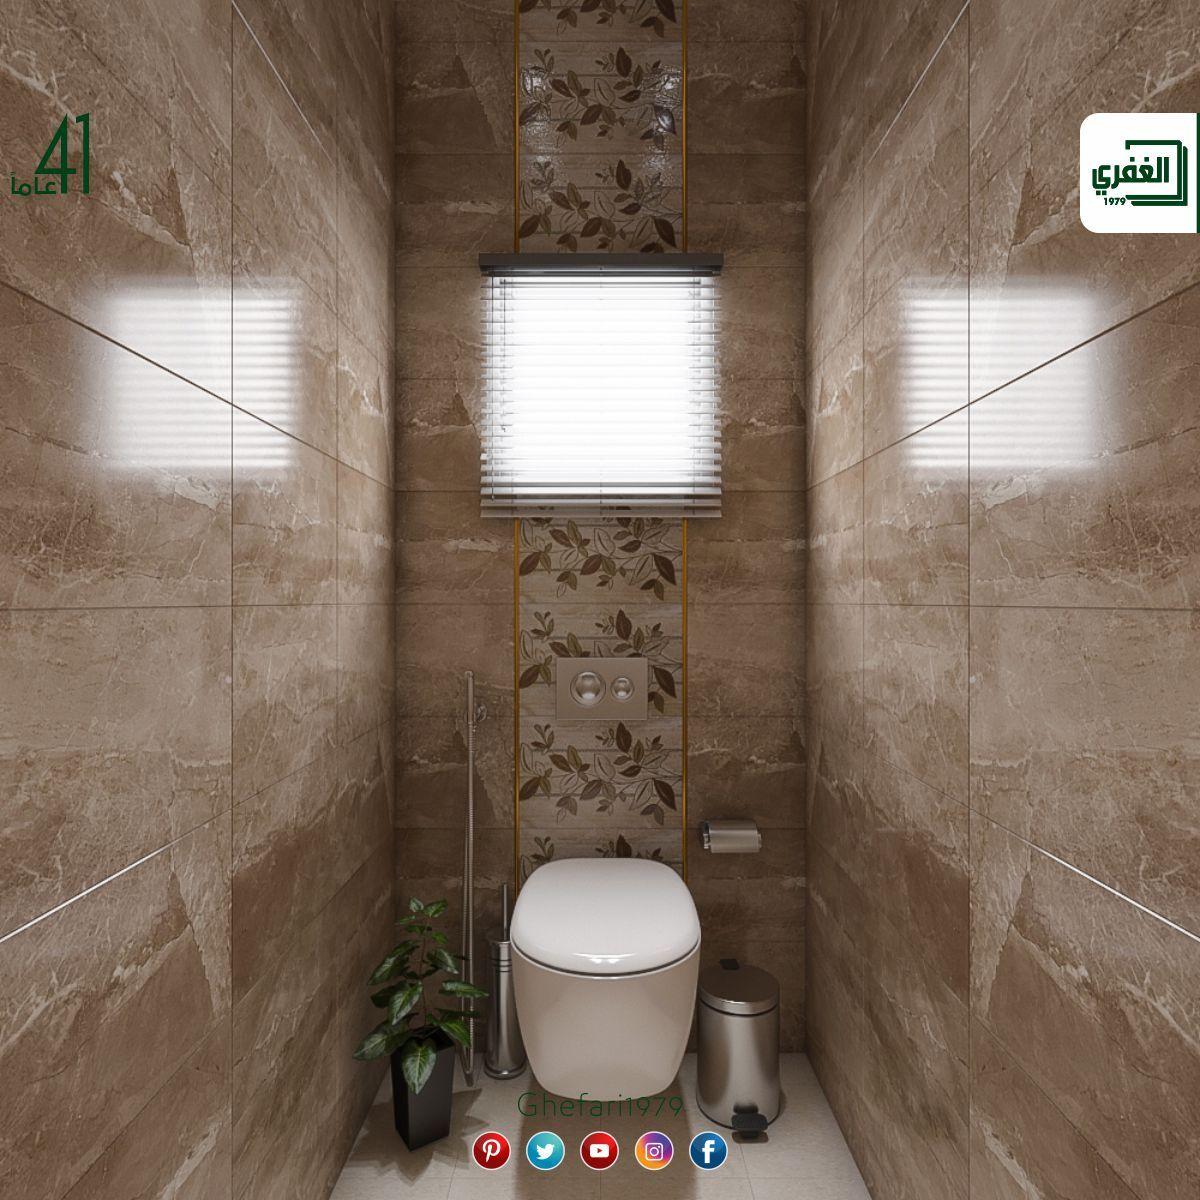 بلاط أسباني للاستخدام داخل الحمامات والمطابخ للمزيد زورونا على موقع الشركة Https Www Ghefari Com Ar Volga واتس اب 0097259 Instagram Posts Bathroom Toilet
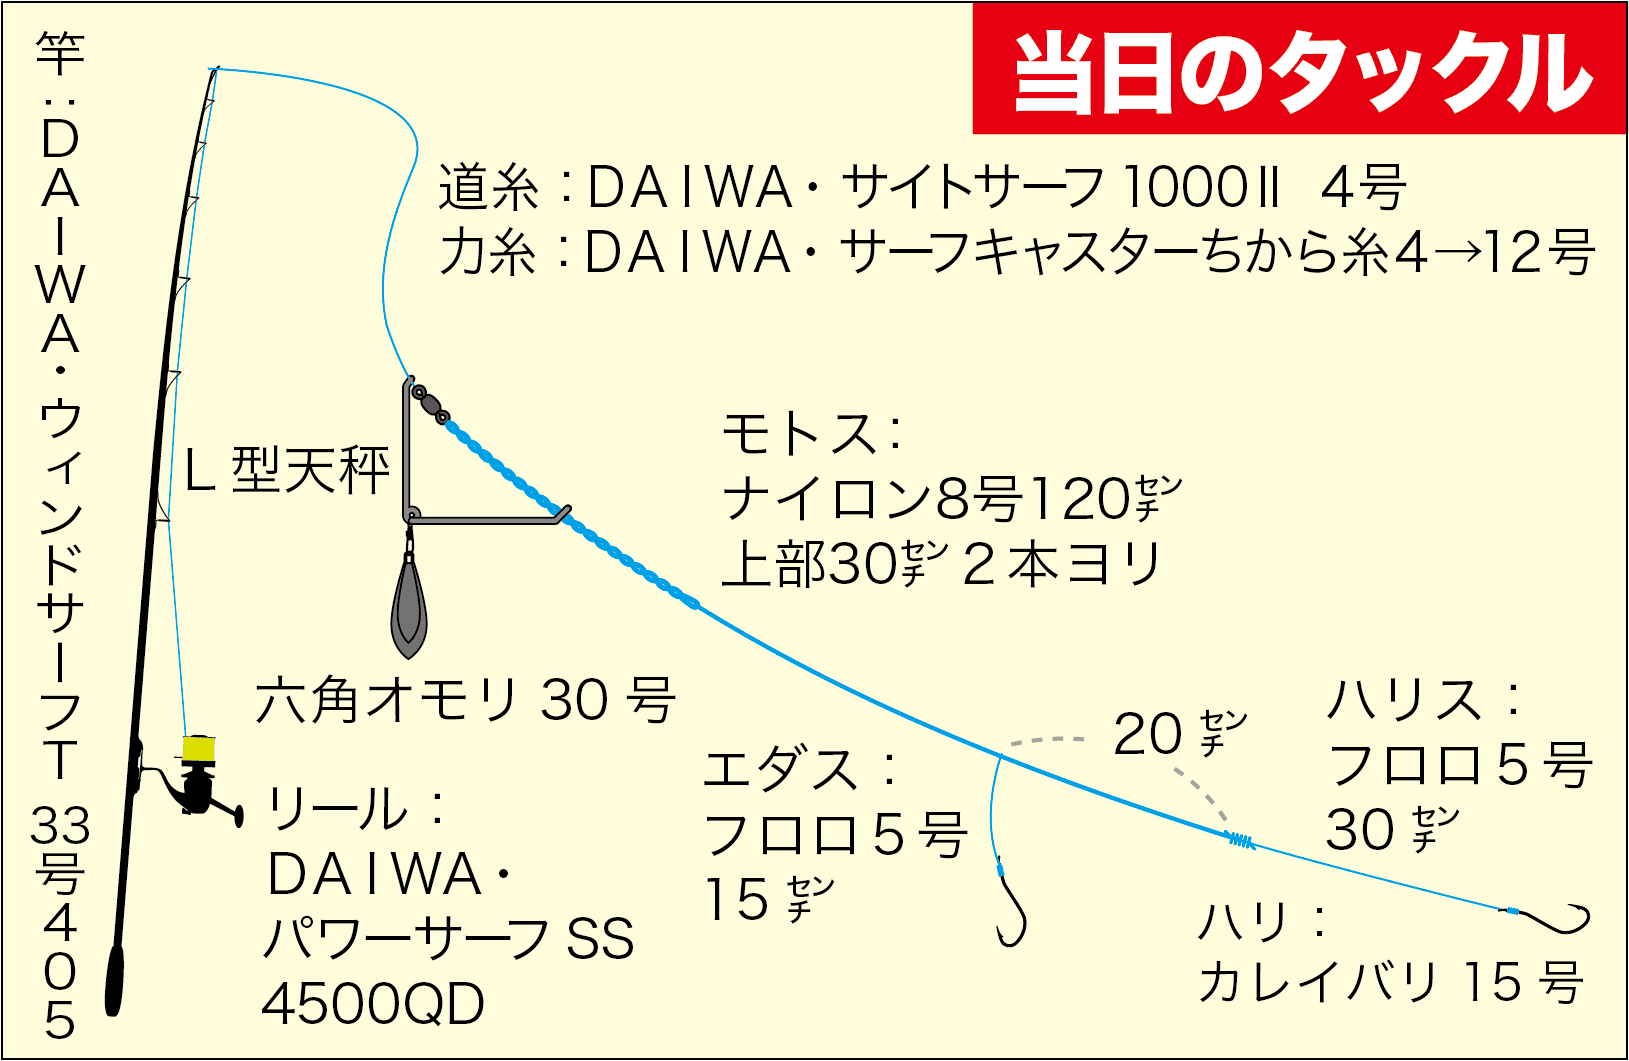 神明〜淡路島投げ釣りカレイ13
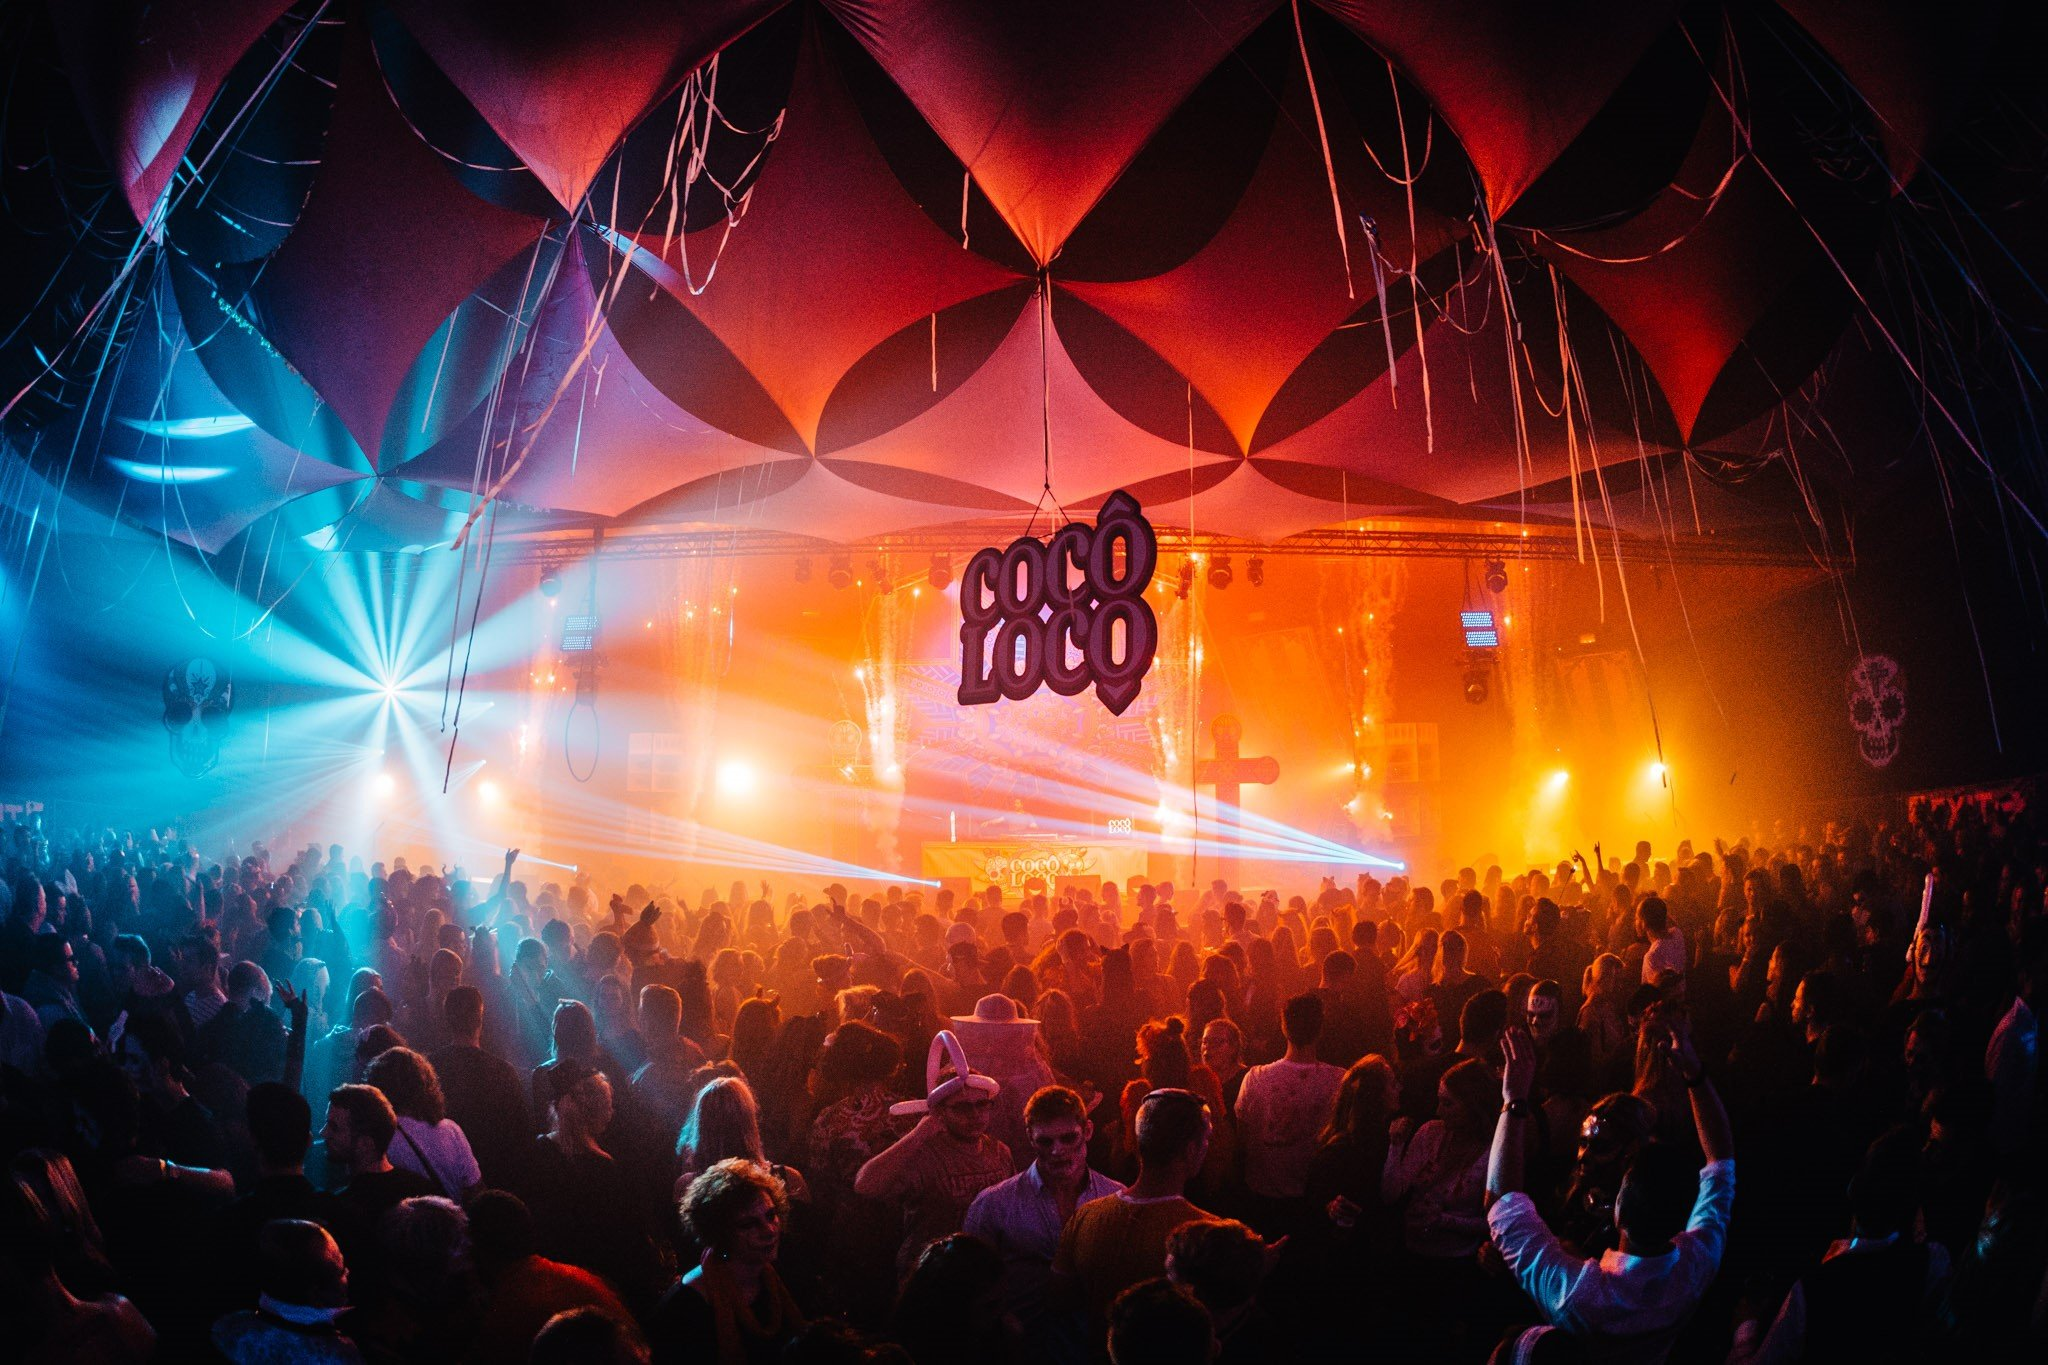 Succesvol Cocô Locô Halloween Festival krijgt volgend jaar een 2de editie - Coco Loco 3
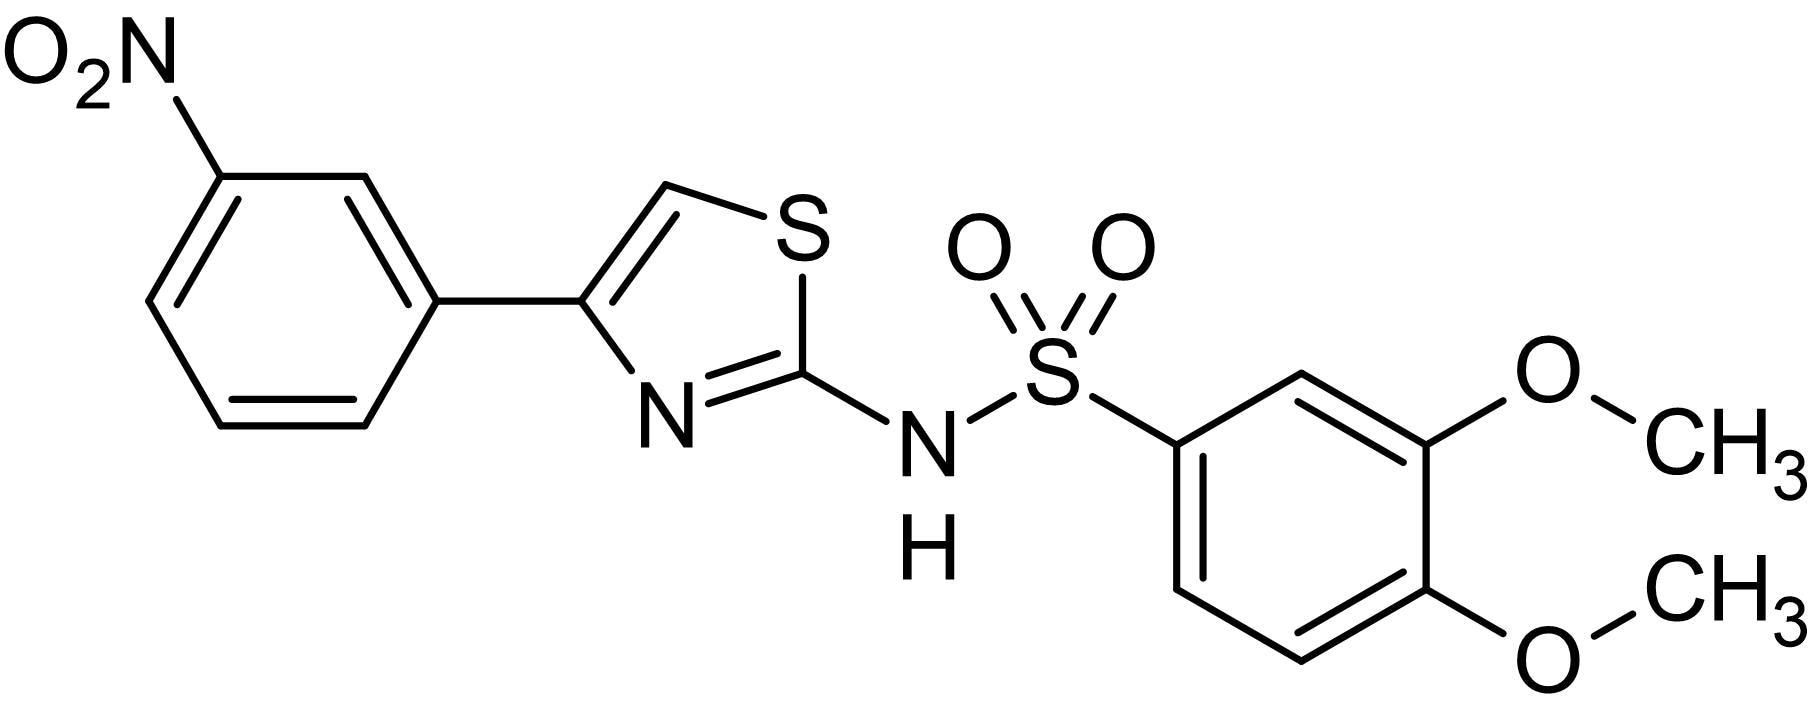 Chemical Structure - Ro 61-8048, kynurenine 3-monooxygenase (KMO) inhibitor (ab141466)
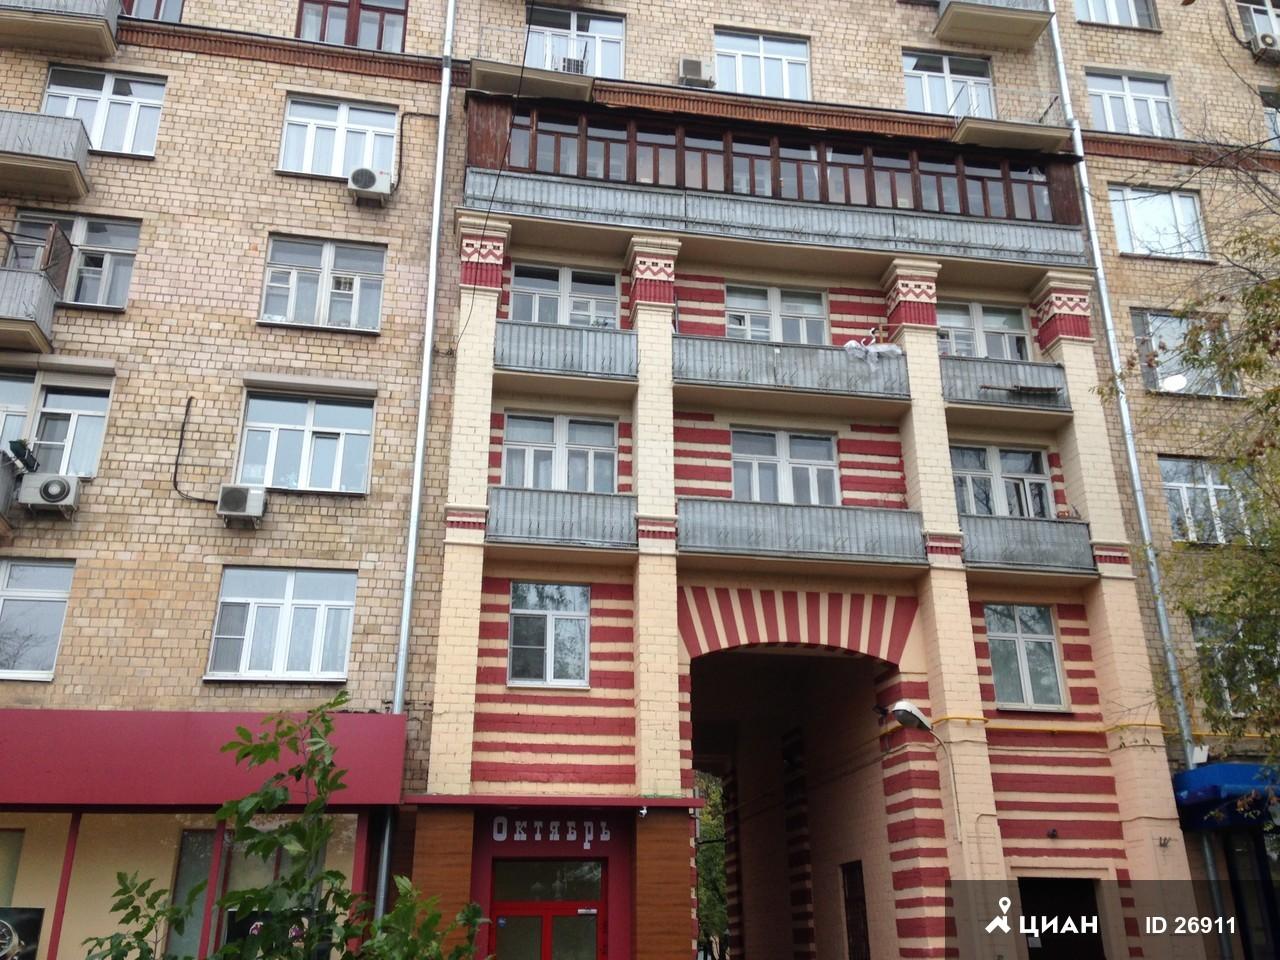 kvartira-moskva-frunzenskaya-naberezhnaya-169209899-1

Work task: Copy exactly the lines from the one containing "神明〜淡路島投げ釣りカレイ13" through the final line of the records above, both included, and leave out any pictures.

Problem solution:
 神明〜淡路島投げ釣りカレイ13
 Succesvol Cocô Locô Halloween Festival krijgt volgend jaar een 2de editie - Coco Loco 3
 Chemical Structure - Ro 61-8048, kynurenine 3-monooxygenase (KMO) inhibitor (ab141466)
 kvartira-moskva-frunzenskaya-naberezhnaya-169209899-1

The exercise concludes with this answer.